- From: Etan Wexler <ewexler@stickdog.com>
- Date: Thu, 07 Jul 2005 00:03:26 -0400
- To: W3C CSS-validator list <www-validator-css@w3.org>
- CC: Will Barker <will.barker@rhads.co.uk>
David Dorward wrote to the W3C CSS-validator list <mailto:www-validator-css@w3.org> on 11 April 2005 in “Brackets in URLs (was FW: bug.)” (<mid:20050411134529.GD21658@us-lot.org>, <http://www.w3.org/mid/20050411134529.GD21658@us-lot.org>): > On Mon, Apr 11, 2005 at 02:41:45PM +0100, Will Barker wrote: > [...] >>url(../images/cms/hondatopbar(1).jpg) > [...] > > Brackets are not allowed in URLs. That should be represented as: > ../images/cms/hondatopba%281%29.jpg Parentheses are allowed as reserved URI characters in the Internet standard “Uniform Resource Identifier (URI): Generic Syntax” (<urn:ietf:rfc:3986>, <http://www.ietf.org/rfc/rfc3986.txt>, or in your RFC repository of choice).
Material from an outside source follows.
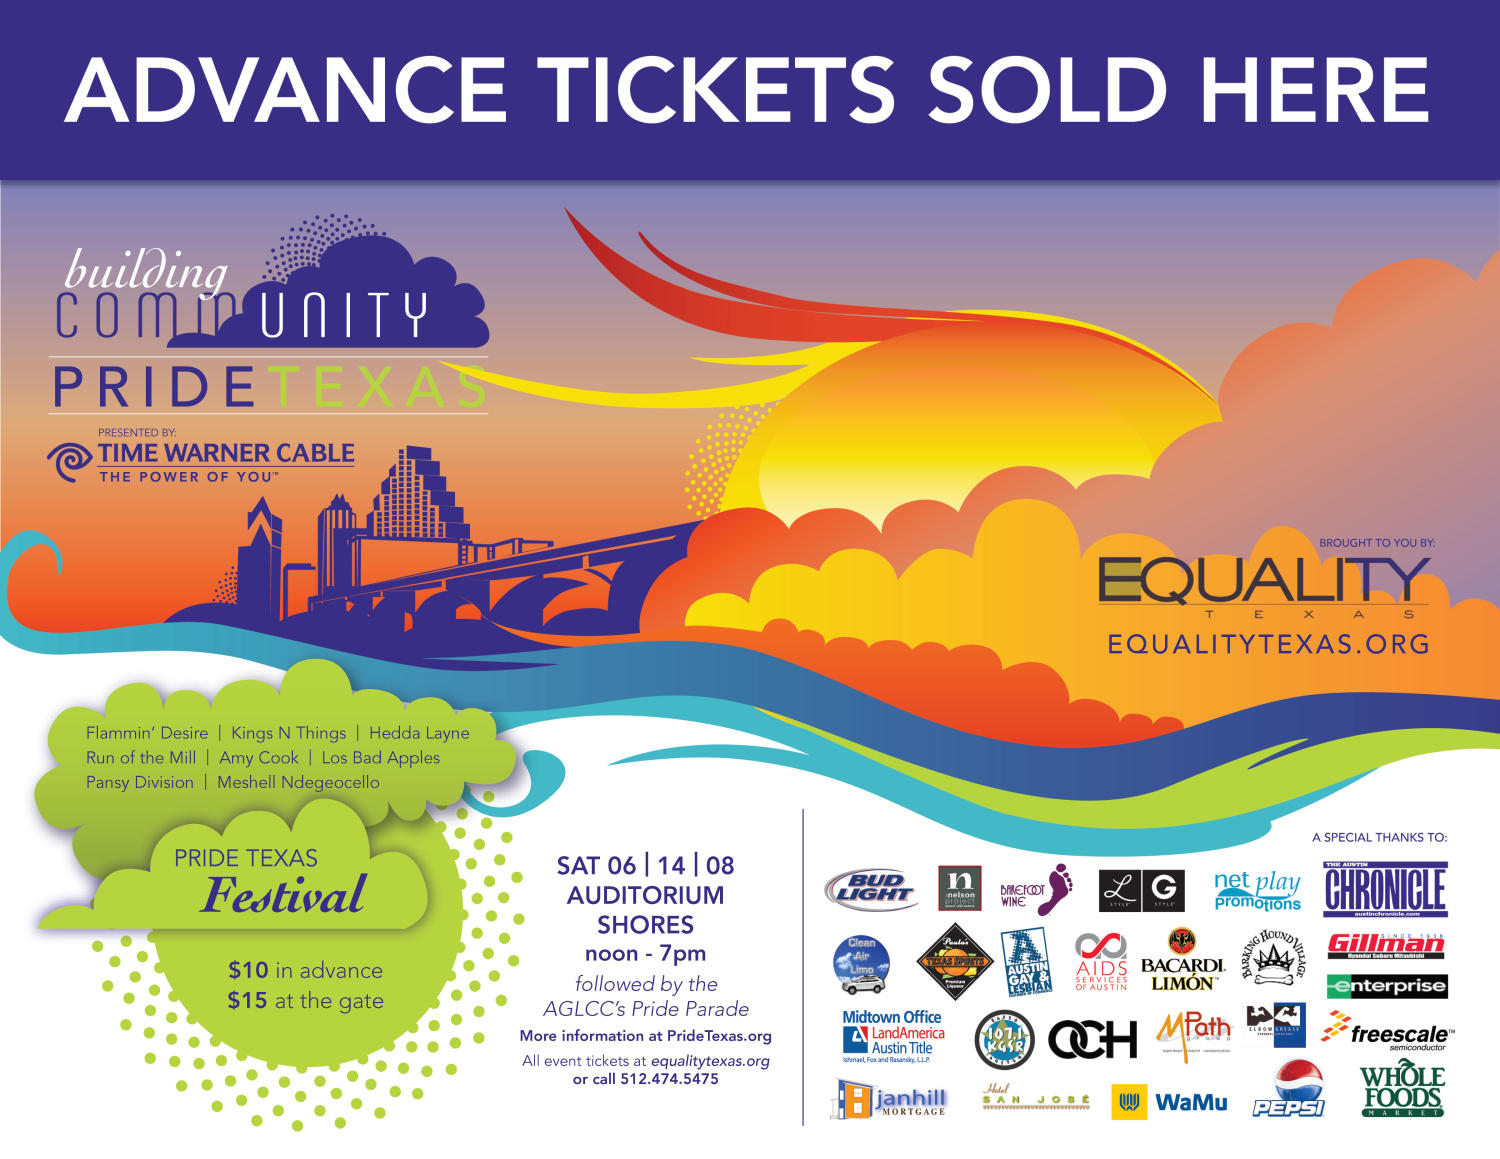 [Pride Texas Festival 2008 advance tickets poster]
                                                
                                                    [Sequence #]: 1 of 1

The relevant rule follows. sub-delims = "!" / "$" / "&" / "'" / "(" / ")" / "*" / "+" / "," / ";" / "=" The URI-syntax standard also permits square brackets as delimiters for certain Internet Protocol addresses (IP addresses). The relevant rule follows. IP-literal = "[" ( IPv6address / IPvFuture ) "]" Because parentheses and brackets are reserved characters in URIs, escaping parentheses and brackets at the URI level changes the formal semantics. The operational semantics might stay the same for a while, but authors should not rely on such behavior. Still there is the issue of parentheses in an unquoted URI in a Cascading Style Sheet. Escaping at the CSS level provides an easy solution without changing any of the URI’s semantics. The following example meets all the technical needs of URI and of CSS. url(../images/cms/hondatopbar\(1\).jpg) Square brackets in URIs in CSS do not need CSS escaping. Curly braces must not appear in URIs. Authors can represent curly braces in URIs by escaping at the URI level, like the following example shows. url(%7B%7D) -- Etan Wexler.